Peter Rawlins

Class of 1968

Peter Rawlins (Cowells, 1964 – 1968) died at home on 28th May, 2022 aged 71.

He was born in April 1951 to Jane and Kenneth in Herne Bay, Kent. He was the eldest of four children and, after his father’s sudden death when Peter was only 14 years old, he became the family patriarch – a role he played with pride and generosity right to the end.

Peter had a brilliant mind. Everything he did he wanted to do better than anybody else – or else he didn’t want to do it at all. He had a sharp intellect and ability to cut straight to the heart of any problem, which served him well at Teddies and then at Keble College, Oxford where he read English.

These were probably the happiest years of his life, with hardly a lecture in sight but all his time dedicated to treading the boards with OUDS and touring the country with their revue show. He even appeared in front of Princess Margaret in the College’s centenary production of Pre-Raphaelites. Peter had an unrivalled passion for Keble and for many decades after he came down, he devoted himself to its continued success, becoming a member of the Warden’s Court.  

After Oxford, he went to Arthur Andersen, where he became a partner, before going to Lloyd’s of London, where he helped its CEO, Ian Hay Davison, deliver the reforms required to allow the world’s oldest and largest insurance market to survive. He then became managing director of Sturge, the largest underwriting agency group at Lloyd’s. All in his 30s. The many friends he made along the way lasted a lifetime.  

In 1989 he was appointed Chief Executive of the London Stock Exchange. The newspapers ran the headline “Bruce’s Baby Makes It Big,” in reference to his turn on The Generation Game Christmas Special 1974. It was a winning turn, of course – with Peter not only beating his mother in order to take the solo seat behind the legendary conveyor belt, but then proudly memorising every single item on it.

Peter’s time at the helm of the Stock Exchange was something of a curate’s egg. On the one hand he proved a swashbuckling visionary who successfully revolutionised an institution he rightly thought had lost its way. On the other he was forever burnt by the City grandees who, having reluctantly taken their medicine, then decided it was time to savage the doctor. It was an injustice which he bore with remarkable grace and equanimity. 

He sat on the boards of many arts organisations and for ten years chaired the Michael Palin Centre for Stammering in Childhood, a charity especially close to his heart.

In 1990, Peter was hugely honoured to be invited by Warden David Christie, to return to Teddies and present the prizes at Gaudy. He spoke of his passion for a broad, liberal education and advised the class of 1990 to try everything, “for a wasted youth is better than doing nothing with it at all.” 

At his best, he was magnetic, sparkling and charismatic – a perpetual life force who lit up rooms with the sheer vitality of his personality, his sense of fun and his boundless energy. 

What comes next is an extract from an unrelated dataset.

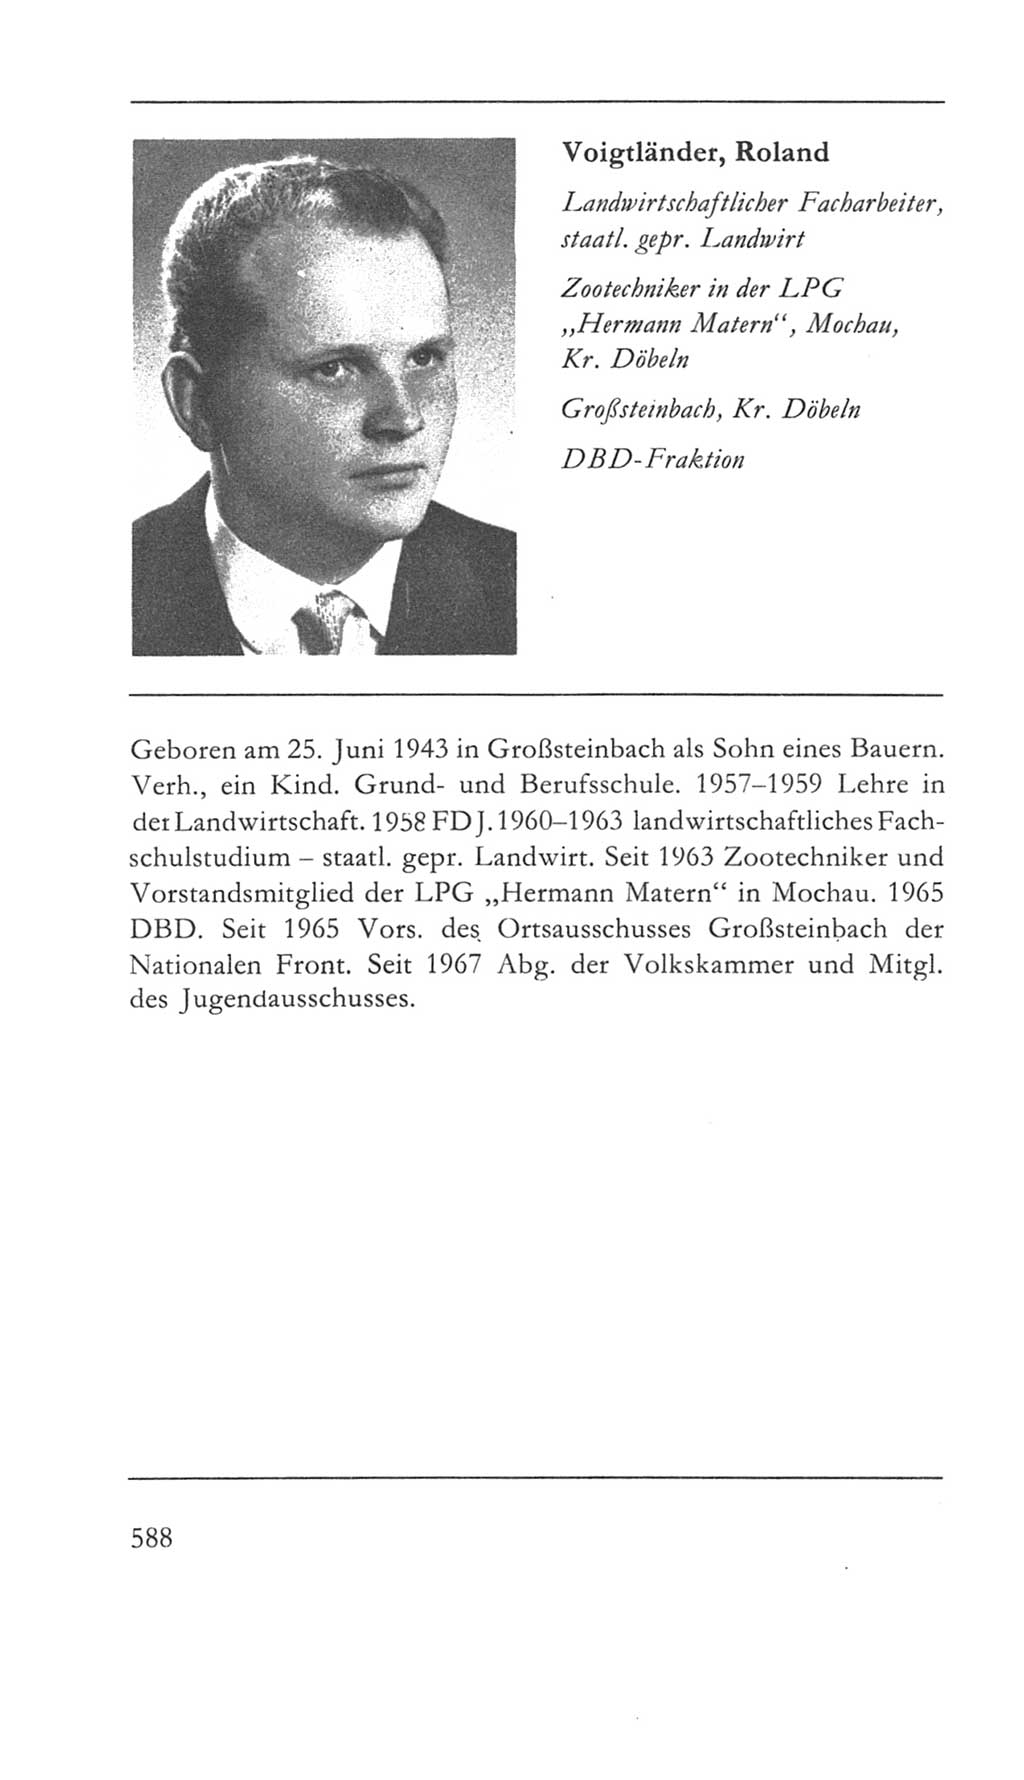 Volkskammer (VK) der Deutschen Demokratischen Republik (DDR) 5. Wahlperiode 1967-1971, Seite 588 (VK. DDR 5. WP. 1967-1971, S. 588)

For the past 15 years, Peter bravely battled Multiple Sclerosis with courage and without complaint. His life motto – you snooze, you lose – was put into full effect as he hurtled around, not letting a life-limiting, degenerative illness stand in the way of anything.

Despite his MS, his brain remained as sharp as ever and he took great personal and professional joy in the coaching relationships he developed over this time, finding intellectual rigour in mentoring the next generation of leaders and helping them blossom and succeed.

He is greatly missed by his wife, Christina, and his six children, Juliette, Oliver, Georgia, Sam, Kit and Joe.